Immediately after the marriage ceremony is officiated, usually but not always in a building such as a church or chapel, the saber team positions itself in formation just outside the doorway, with typically six or eight saber bearers taking part. The guests of the wedding are afforded the opportunity to assemble outside to view the event before it begins.

On the command, the saber team raises their sabers into a high arch, with tips nearly touching and the blades facing up and away from the bride and groom. As the newly married couple exits the building, the senior usher announces, "Ladies and gentlemen, it is my honor to present to you (American rank or Canadian rank) and Mr/s. (insert name)" This is modified when both parties are in the military or the police.

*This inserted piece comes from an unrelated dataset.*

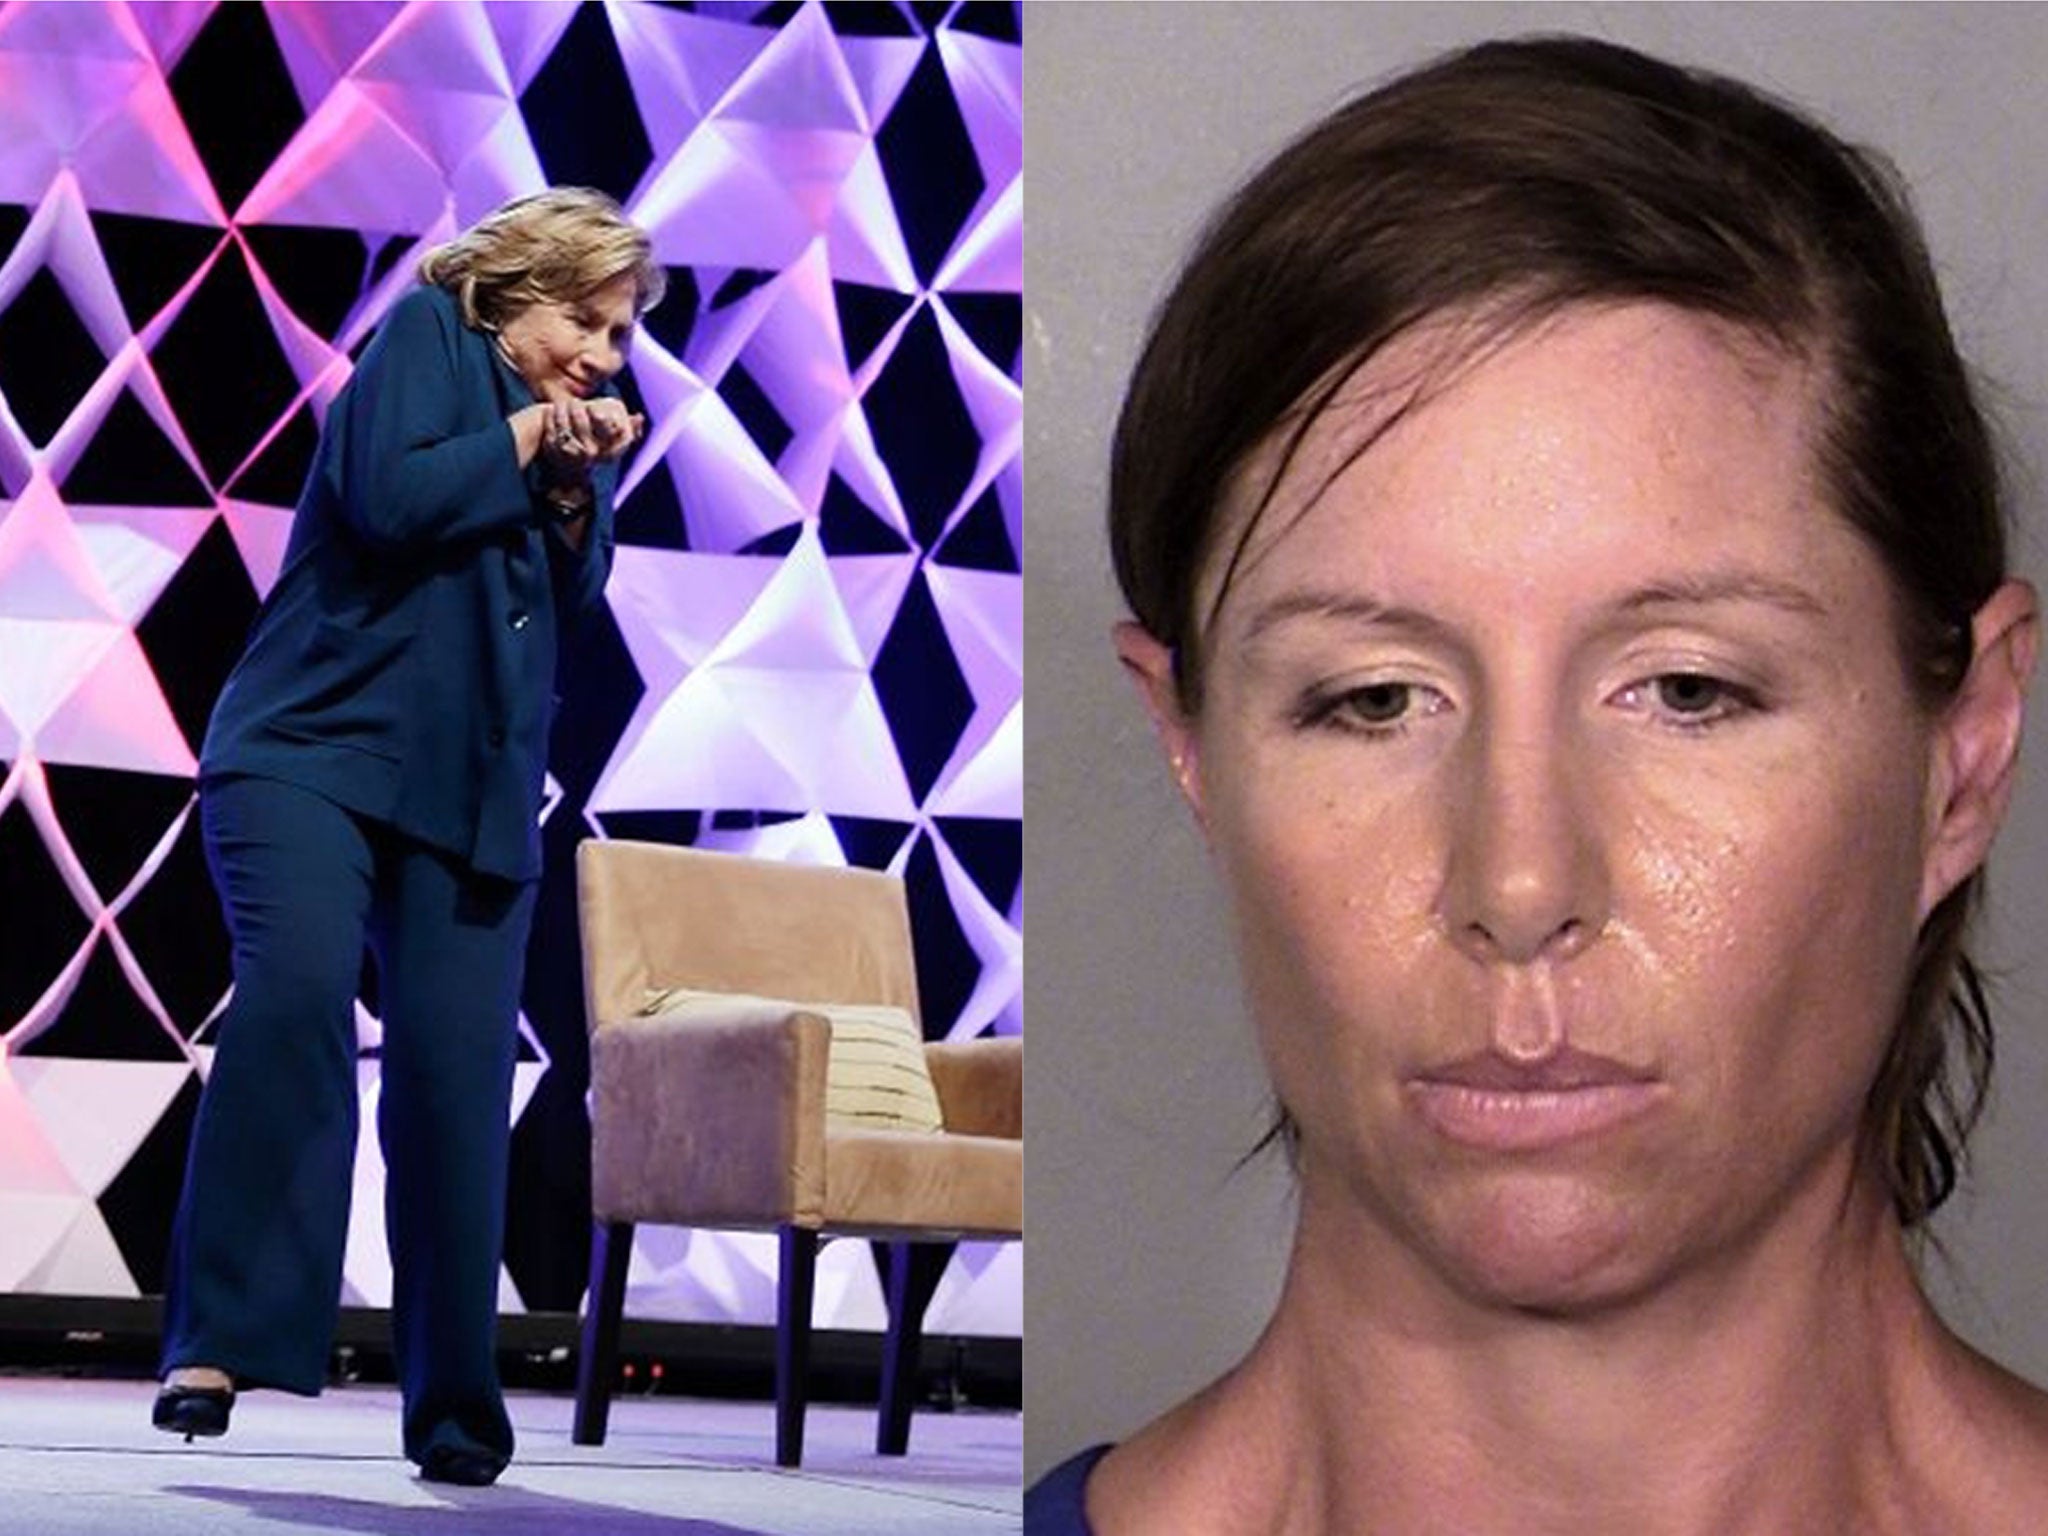 Former Secretary of State Hillary Clinton ducks after a woman threw an shoe toward her during a speech on Thursday. This image provided by the Las Vegas Metropolitan Police Department shows Alison Ernst, who was arrested 10 April.
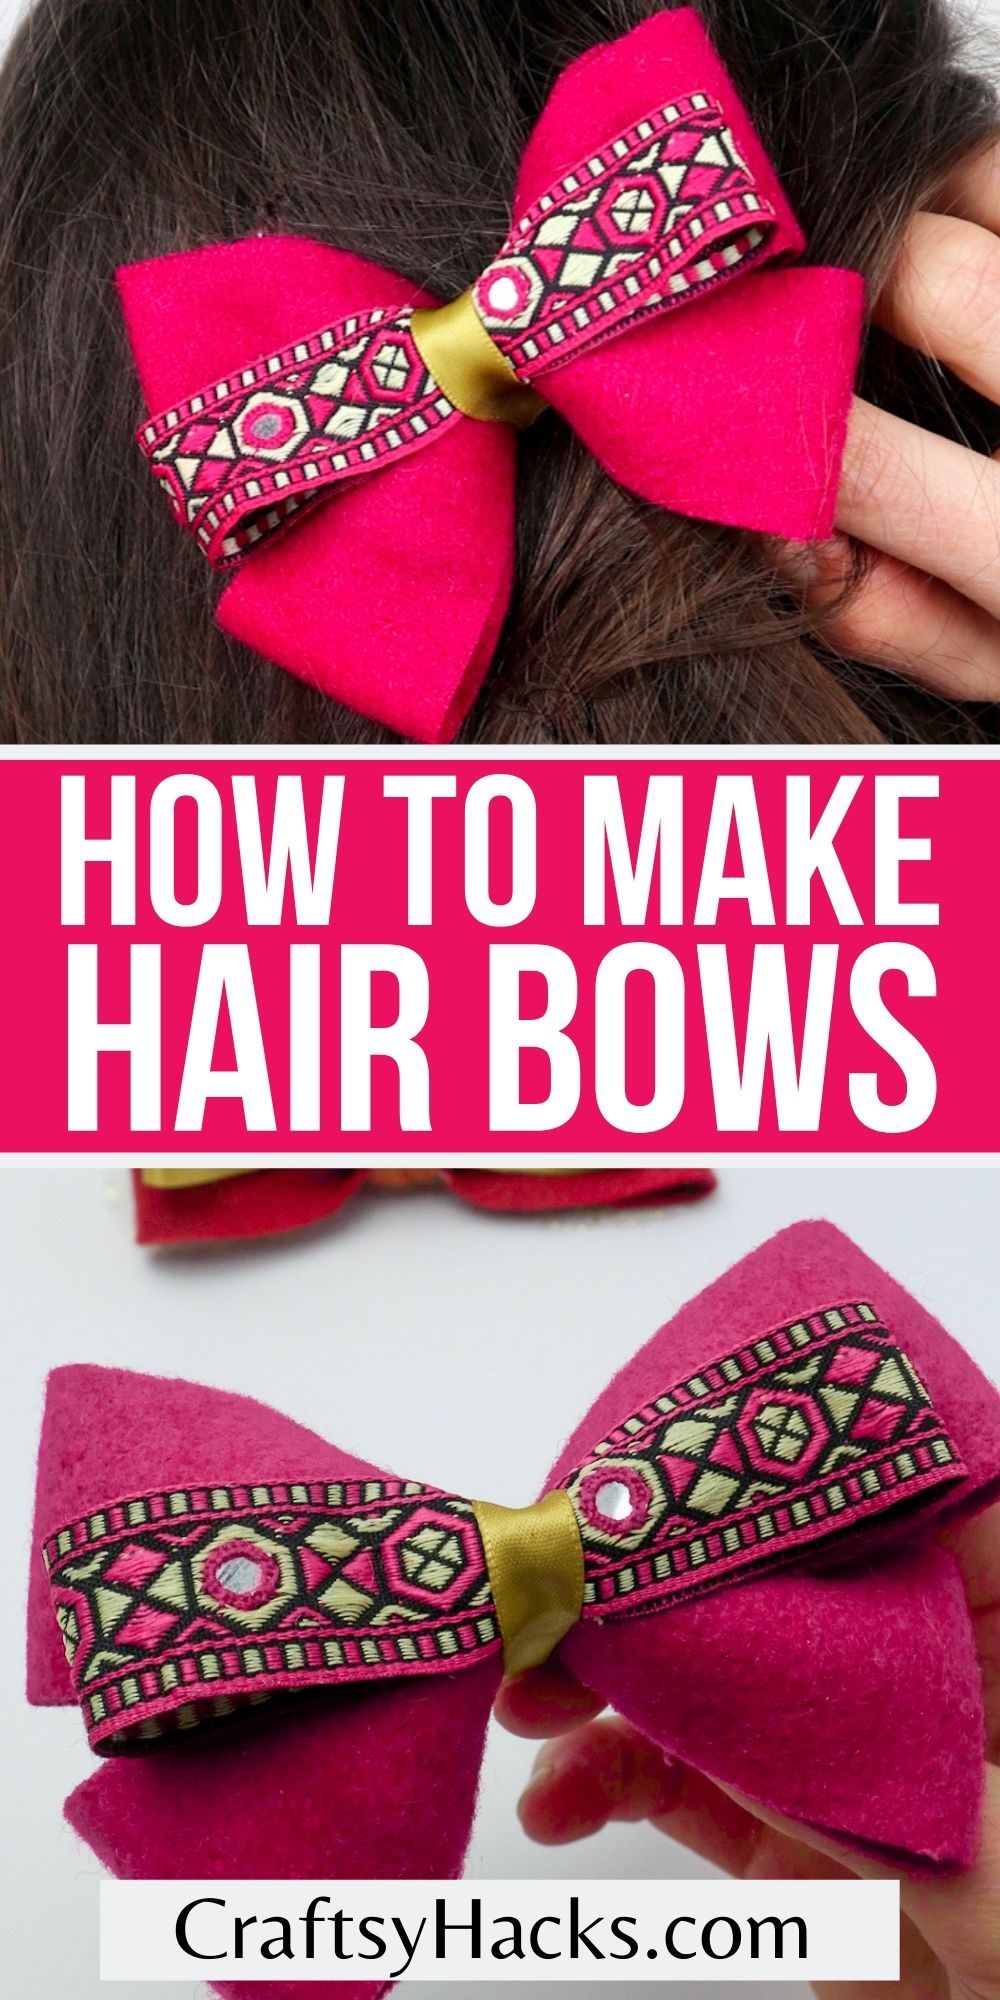 3 DVDs & 3 eBooks Instant Video Access How To Make Hair Bows & Hair Clips

The bride and groom proceed into the arch, and as the couple passes through, the last two saber bearers usually lower the sabers in front of the couple, detaining them momentarily. Before releasing the couple, the saber bearer to the couple's left gives the bride a gentle swat on her backside with his saber, announcing "Welcome to the (insert branch) Ma'am!" If the bride is in the military or police, this step is omitted. In some ceremonies, every pair of saber bearers may lower their sabers, stopping the couple from proceeding each time. One of the pair may say something along the lines of, "Kiss required to pass," and the bearers will not raise their sabers until the bride and groom share a kiss. After the couple leaves the arch, the saber team recovers on command and dissolves formation.

Only the bride and groom pass under the arch. It is also traditional at the wedding reception for the wedding cake to be cut with a saber or sword.

==Germany and Austria==
In Germany and Austria, saber arches are commonly employed by various types of male-only Studentenverbindungen (student fraternities).

At weddings, the current officials – usually a team of three – salute their newlywed member and his bride by a single arch featuring a flag just outside the church. No further protocol is common.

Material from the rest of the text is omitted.